In the office there’s an out-of-date computer sitting on a desk that looks old but has been lovingly restored. There’s a wooden captain’s chair with leather upholstery. She turns on the computer and sees right away it’s going to take time to boot up. Perhaps it’s as old as the desk. She heads down to the Room of Obsession. It smells like sweat. This room is so different from anything else here, it’s like it should be in a different house. Perhaps Vincent Archer is a different person when he’s in here. In a house full of straight edges and elegant curves, the articles pinned to the wall could have been clipped from the newspaper by a four-year-old. Vega looks over the newspaper articles about Ruby Carter, surer than ever that Vincent had something to do with her disappearance. She searches for other pieces of jewelry that might be hanging from the walls but finds none.
Her phone beeps.
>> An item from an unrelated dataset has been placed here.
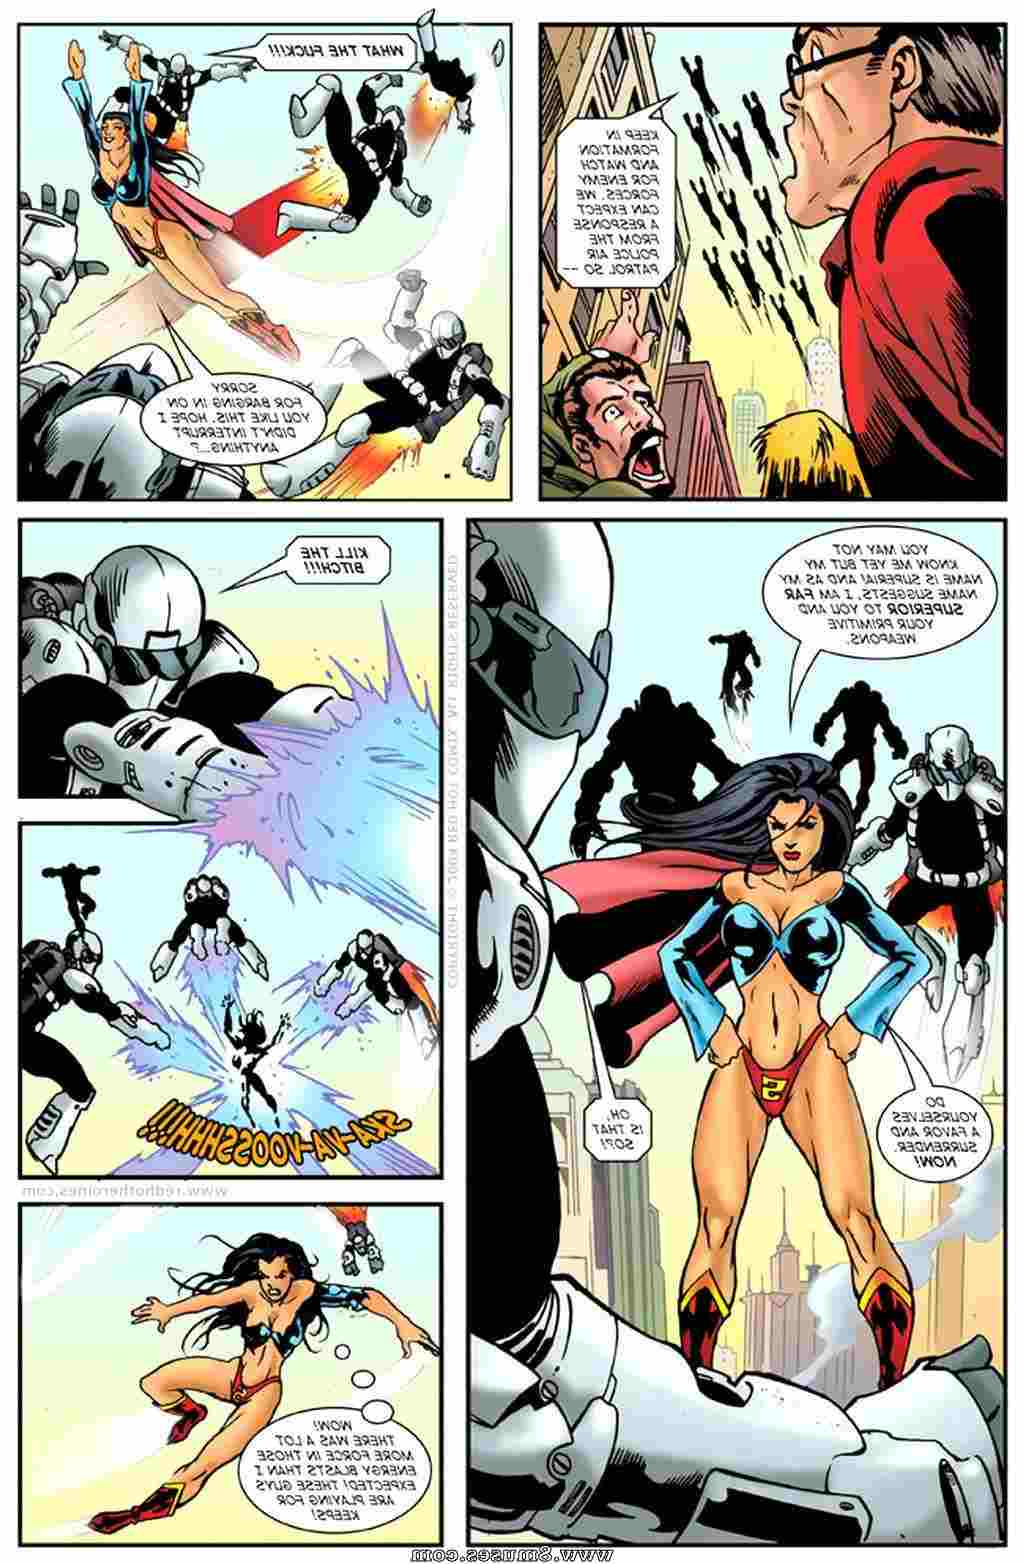 Red-Hot-Heroines-Comics/Superia Superia__8muses_-_Sex_and_Porn_Comics_4.jpg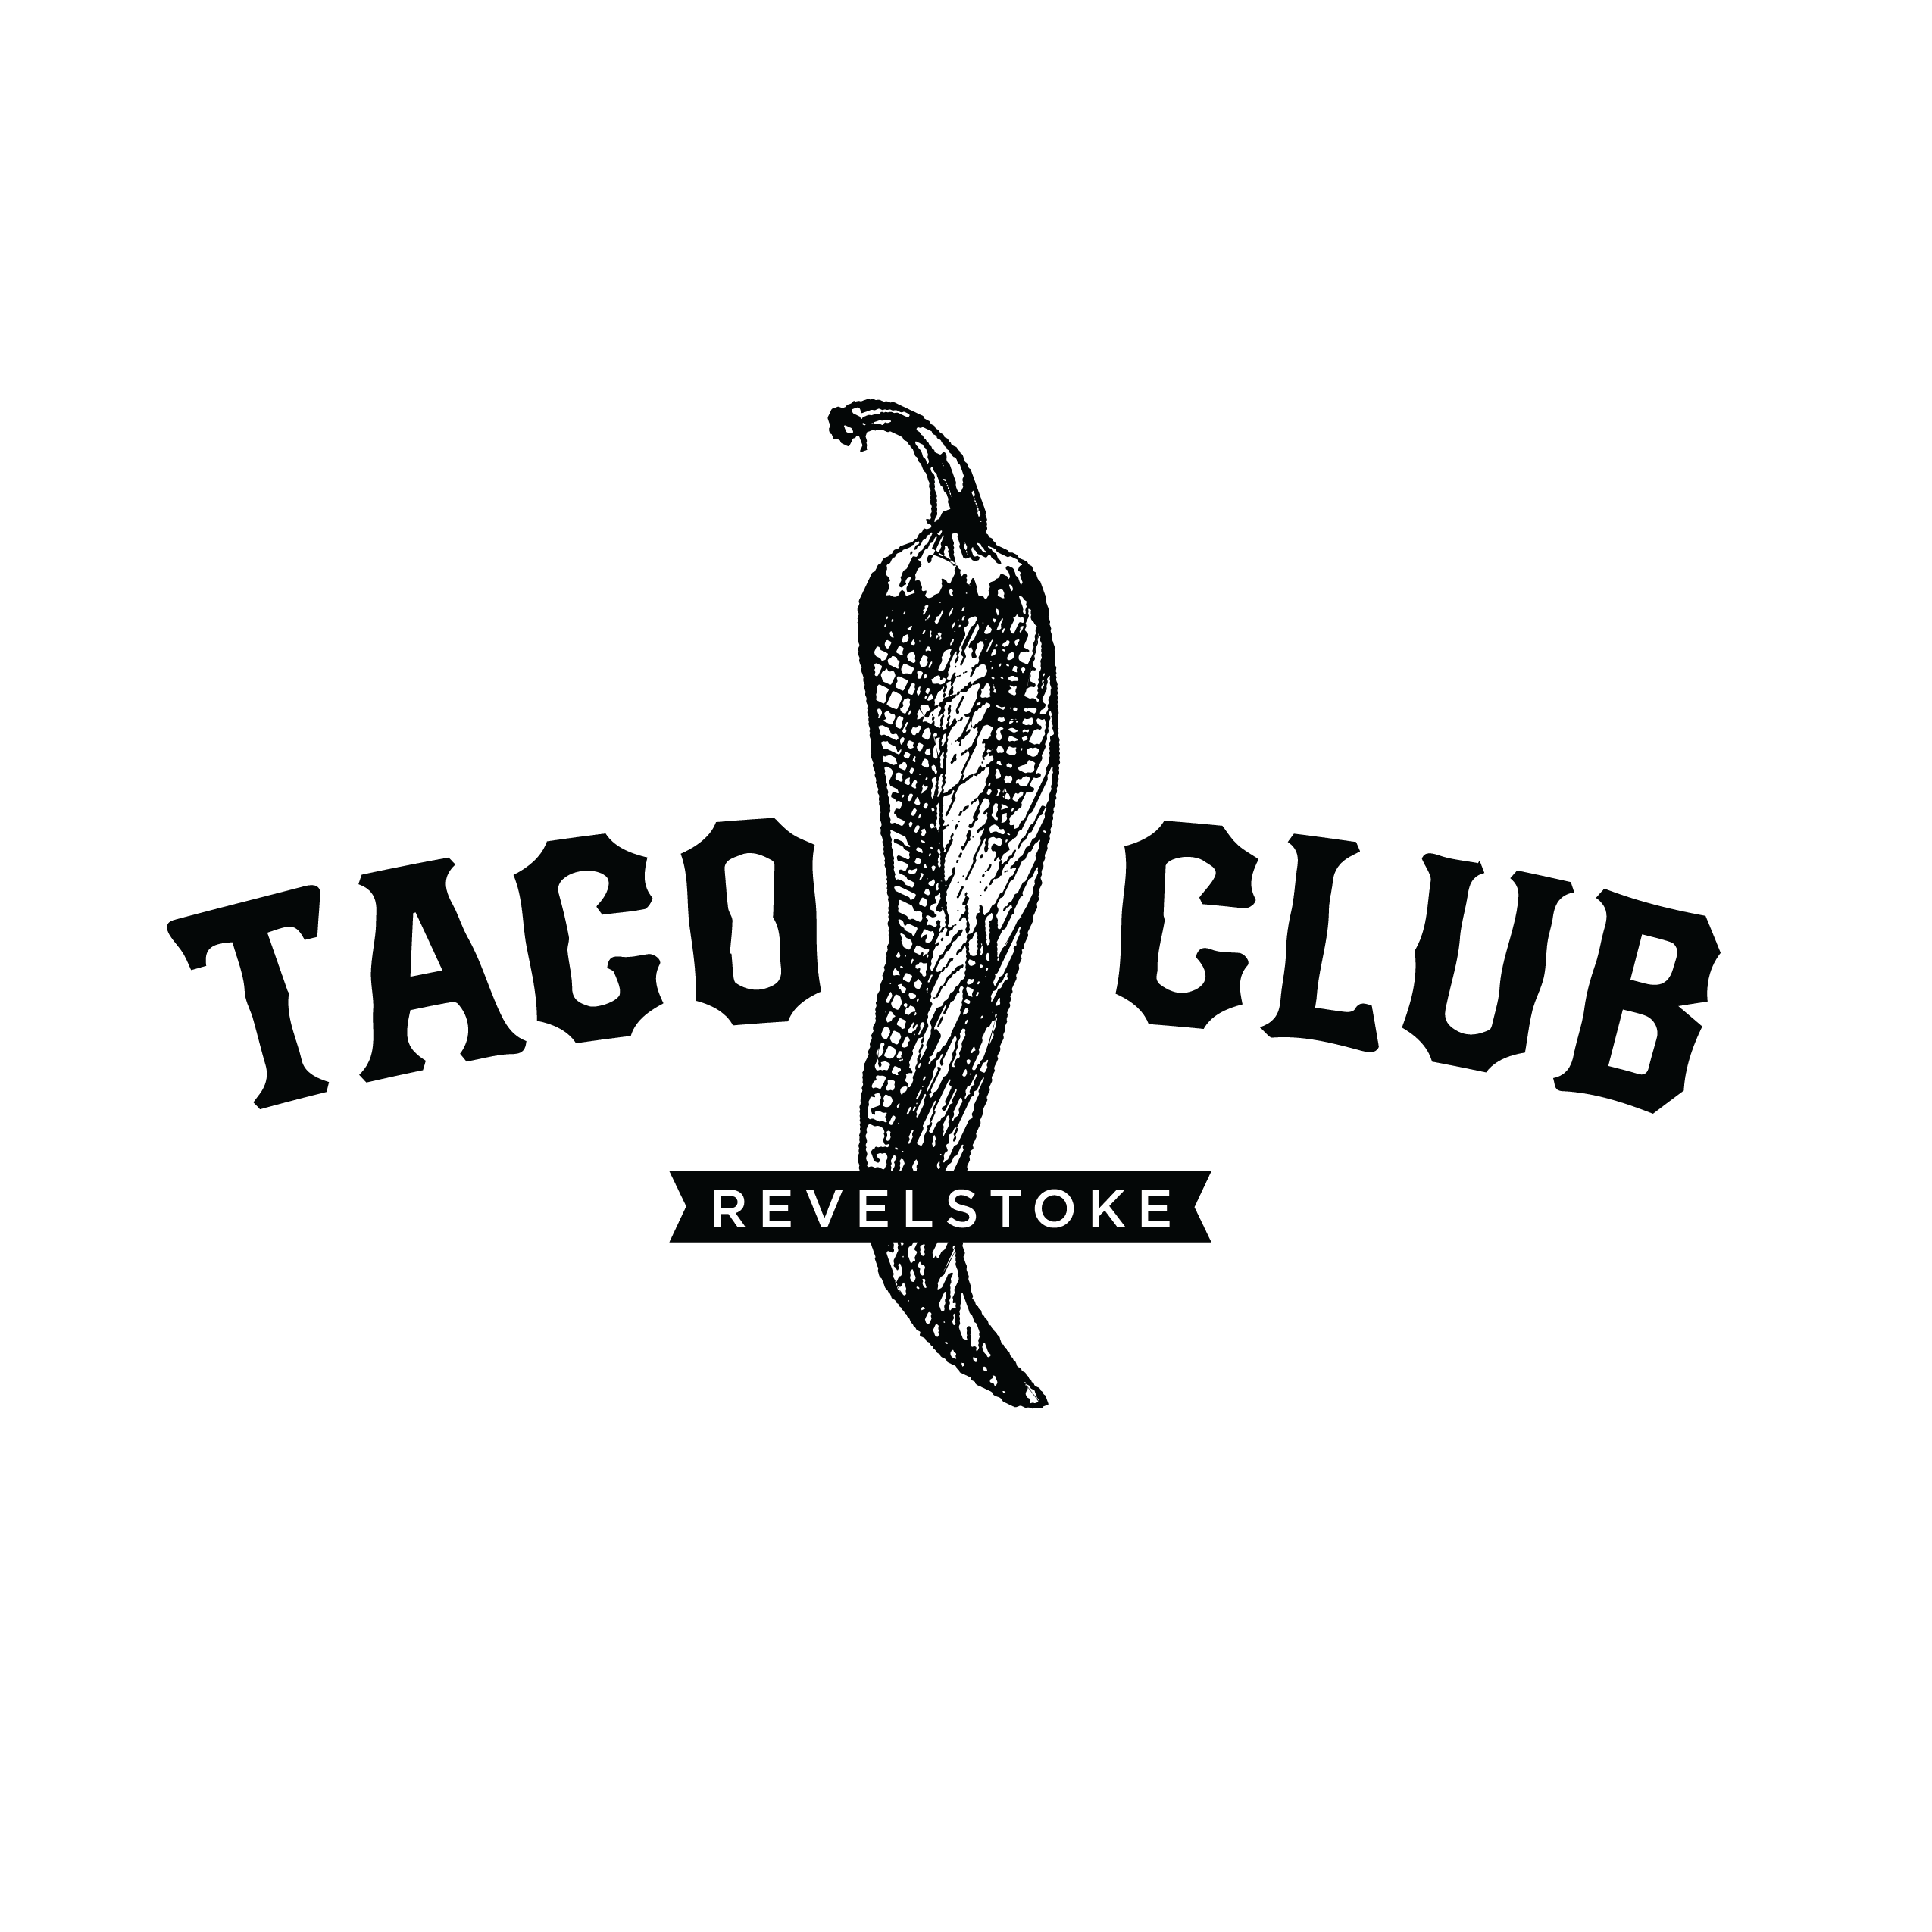 The Taco Club Revelstoke

The message she sent earlier has gotten a response. She’s been sent a photograph of the murder weapon. It’s a match to those she saw in the kitchen. Vincent Archer brought it with him.
She goes back into the office. The computer has warmed up. There’s no password, and she has instant access to Vincent’s email. It’s a pathetic affair. His inbox shows messages from his parents, work, a couple of carpentry newsletters that he’s signed up for, emails from his bank, his insurance company, one from his dentist saying it’s that time of the year again. There are emails from a dating website that Vincent signed up to a year back but never finished completing his profile for, as if he got bored or distracted or nervous. There are emails from Simon, but they’re mundane. They talk about catching up to go fishing, or for a drink, or to go and catch a movie. The emails don’t mention any conflicts with other people. There are no references to Ruby Carter. No references to Andrea Walsh. She clicks the icon to look for new messages, and two come through, one from the mechanic about his car, and the other another carpentry newsletter that promises subscribers tips on how to make the perfect jewelry box for Mother’s Day.
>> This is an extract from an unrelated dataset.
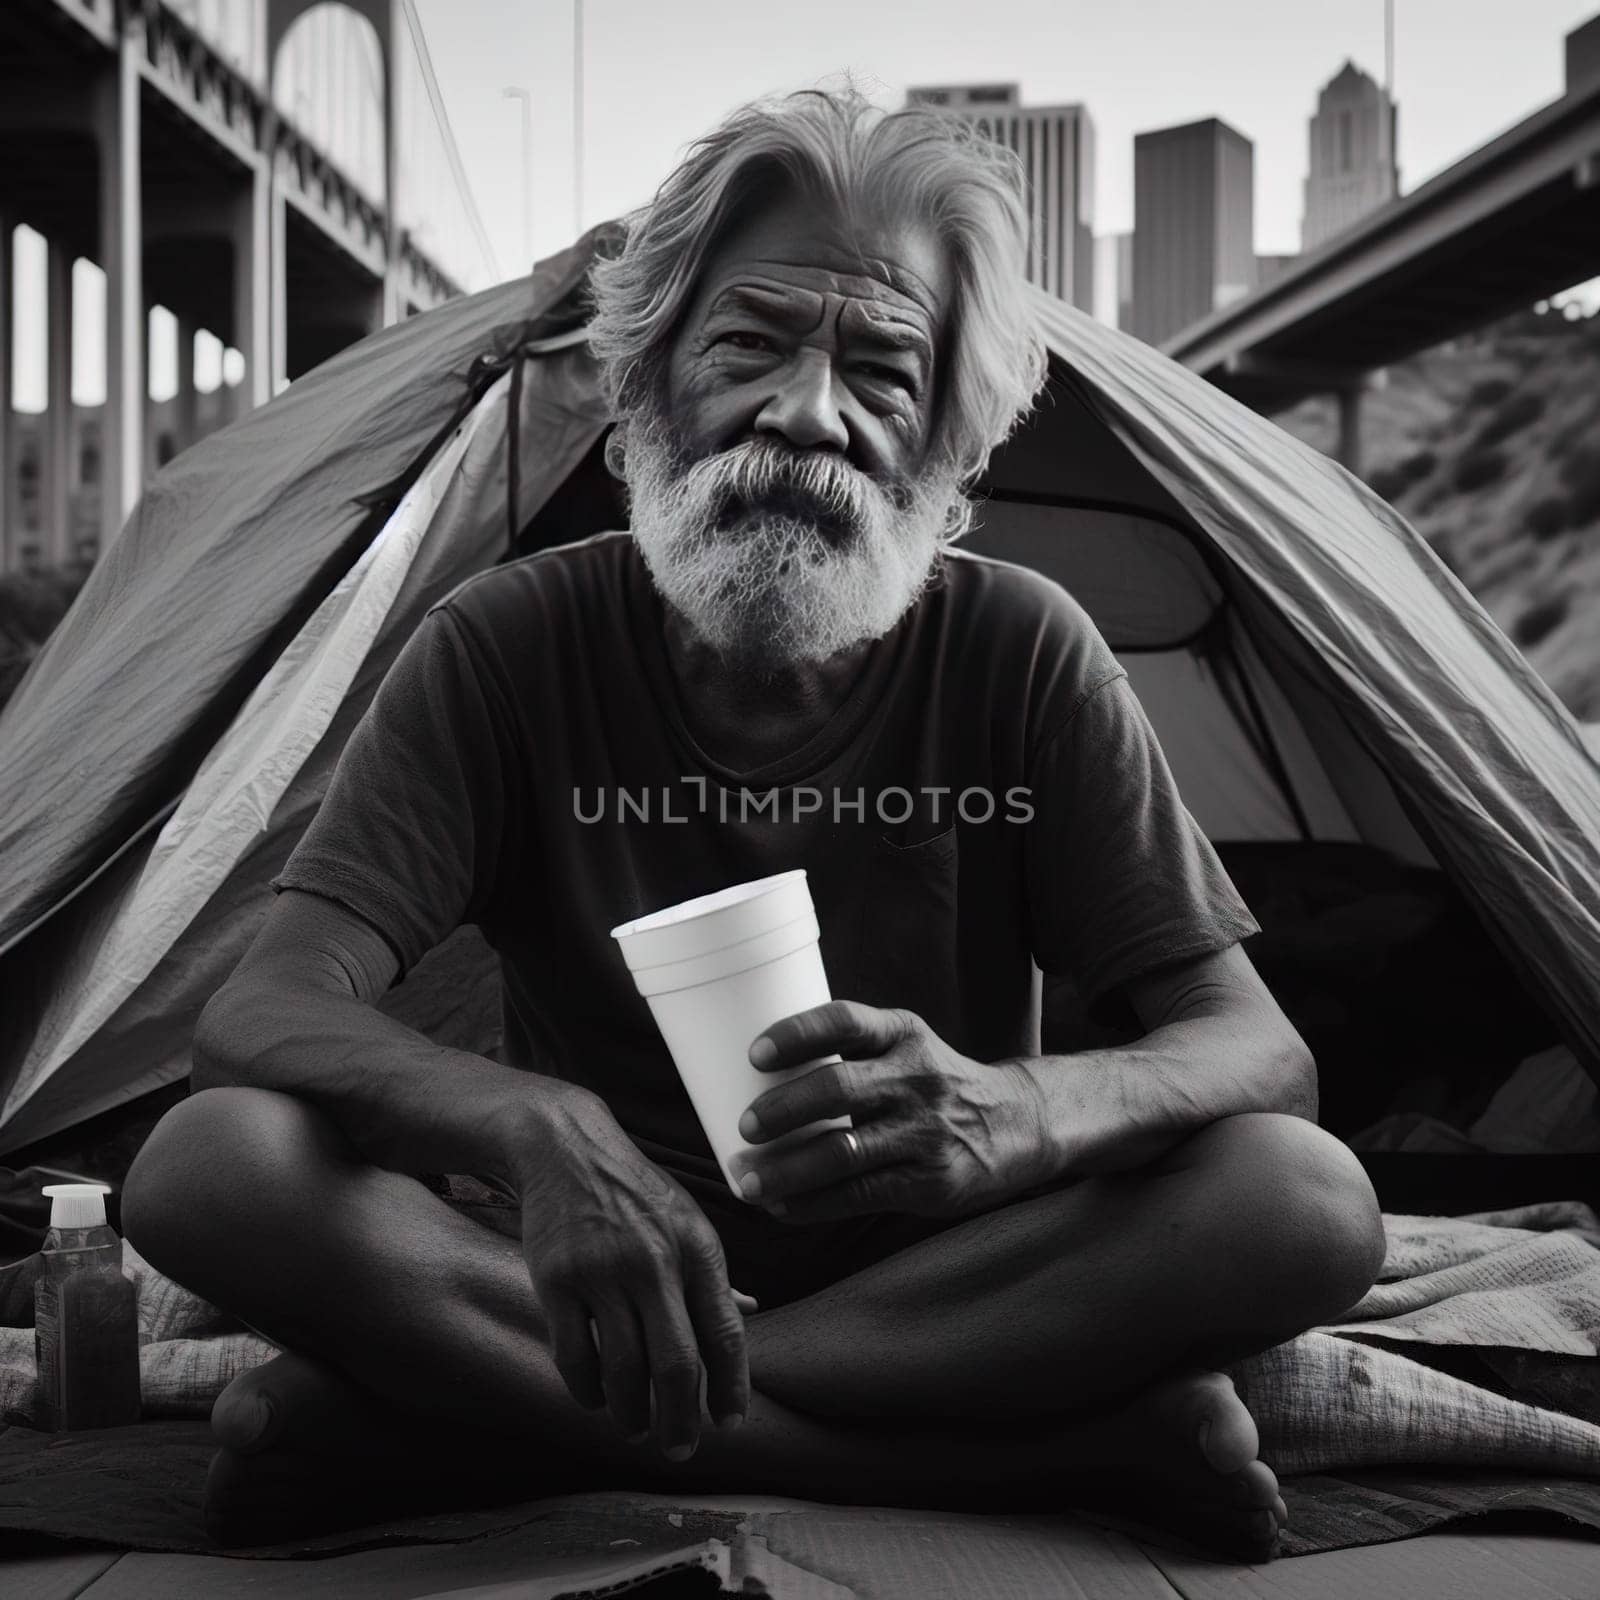 Homeless man under the bridge. generative, AI. High quality illustration

She minimizes the email screen. There are photographs saved on the desktop of Vincent fishing, laughing, drinking. There are photographs of this house being renovated, and Simon is in some of them. There are other pictures with a few other faces in them, group events that look like summer barbecues with his family.
Her phone beeps again. Another text. This one saying Vincent Archer’s prints have been run against those on the parking chit used immediately before and after Erin was thrown from the rooftop. The prints are a match. It also says Joshua’s prints have been run against the rock that killed Vincent Archer. Those prints are not a match.
In the Room of Obsession, she stares at the wall. She is missing something, she’s sure of it. Something important. The dots are here somewhere—she just can’t connect them.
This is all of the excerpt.